Kozel Premium

September 25

Date: 25th September 2011

Alcohol: 4.8%

Volume: 500mL

Price: $3.99 / bottle (Dan Murphys)

Manufactured: Velké Popovice, Czech Republic

I was doing a little ‘research’ for this review this afternoon which involved (amongst other things) watching beer commercials on youtube.  I highly recommend it as a way to kill an hour or so.  The outcome from this exhaustive journey was; that no matter where in the world you are beer is still sold the same way.  It either involves sexy girls on the beach, some funny incident in a bar or, as in the case of the Kozel commercials ‘honest men doing a hard day’s work’.  In this ad’ I don’t understand a word they are saying but clearly a couple of guys are mowing their lawn and at the end of the job deserve an ice cold Kozel.  This could have been set to the Australian VB commercial jingle and end with the tag line “ ……. matter of fact I got it now”.  I love it, and that’s what makes beer a globally approachable drink.
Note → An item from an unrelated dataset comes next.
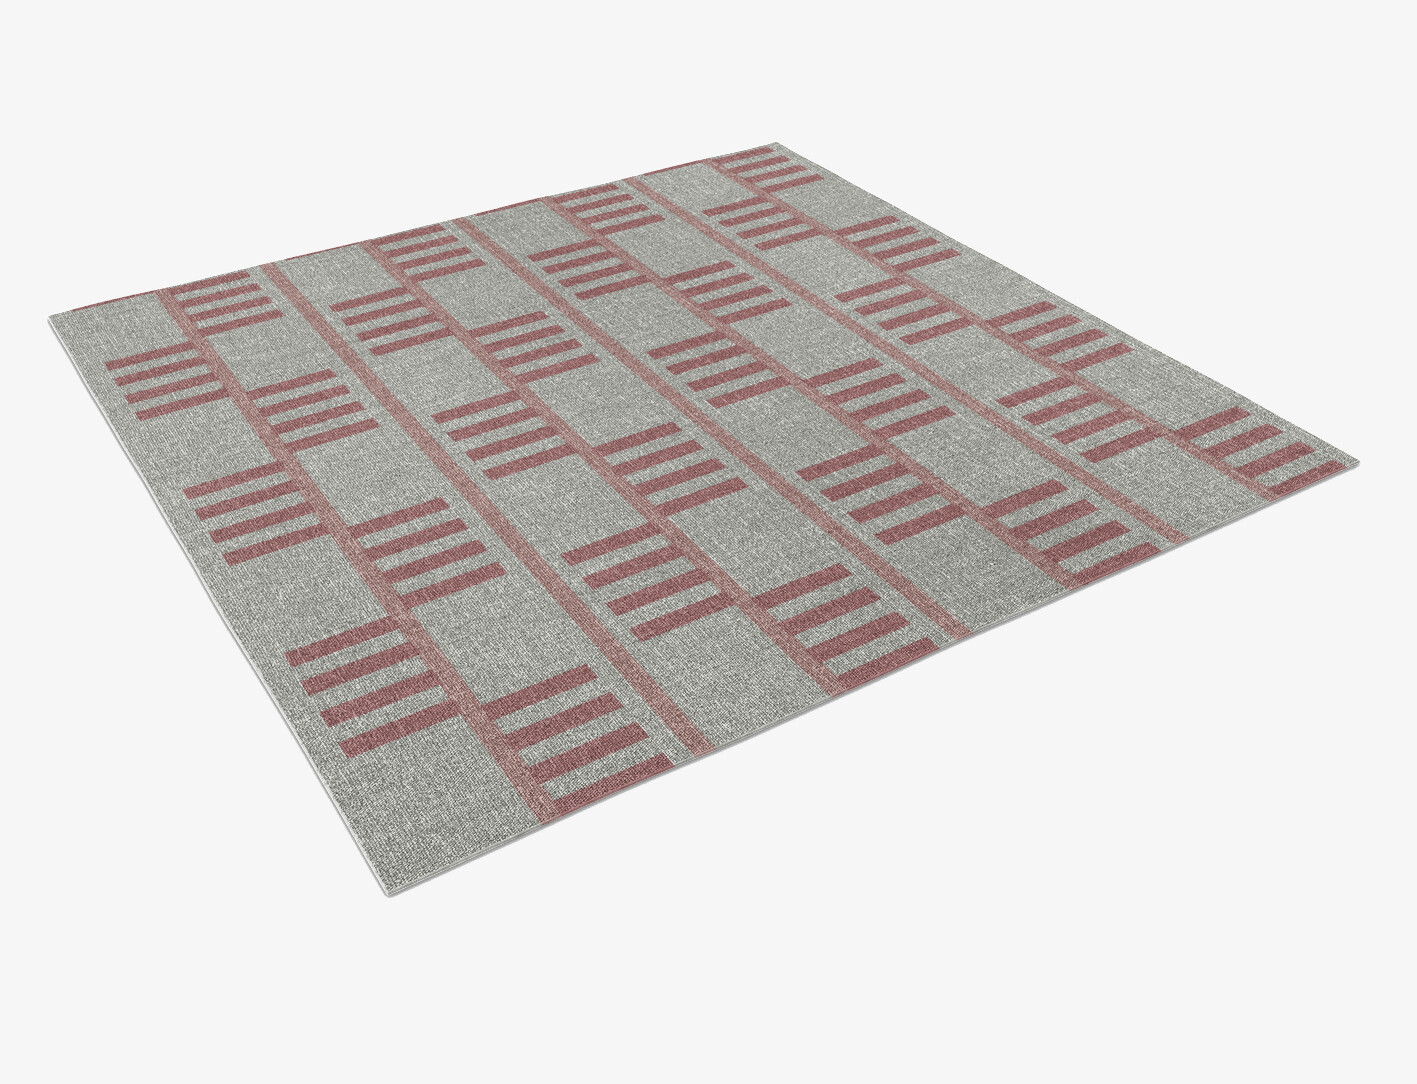 Klaue Geometric Square Outdoor Recycled Yarn Custom Rug by Rug Artisan

Velkopopovický Kozel is a major brewery in the Czech Republic that has (similar to where Fosters is heading) been taken over by SABMiller.  They commonly produce four beers all of which are exported (to Australia) and today I am tasting the Premium. Oh, I nearly forgot, Kozel means ‘goat’ hence the kid with a huge beer on the label.

Appearance (3.5/5)

Before I start on the beer I need to comment on the packaging.  I love the caricature goat on the label drinking a huge beer.  The bottle is clearly a bit of fun but they manage to hold the premium/ export appeal.

This is a classic golden amber beer that screams pilsner.  A perfectly clear (no sediment) beer with a nice white foamy head.

Nose (3/5)

You will probably not be surprised to hear that this pilsner does not have a lot to offer on the nose.  There is a rather soft hop nose and some graininess but you have to go looking. Ho hum.

Flavour (3.5/5)

This beer is definitely at the dry bitter end of the spectrum but it does still have room for some (I hesitate to say) fruit.  There is a very brief showing of soft fruit in the centre of the tongue but most of the time it is about grains, hops and those classic dry pilsner flavours.

Finish (3.5+/5)

I quite like the finish on this beer as it has two very distinct stages.  At first you get some classic bitterness from the hops on the tongue and after about 10 seconds you receive a surprise at the back of the throat consisting of some warm maltiness leaving a straw finish in the mouth.

Rating: (13.5+/20)

The world needs beers like this.  I have recently reviewed quite a few Belgian beers which are really lovely.  The problem with this type of beer is that after one (or two) you are either on your ear or your palate is clagged.  That’s where the humble pilsner comes in; you can have quite a few in a session while still keeping it together and don’t feel like you’ve just had a four course meal.  This beer is not a superstar but it has no obvious faults and most importantly has a cool goat on the label. Grab some and let me know what you think.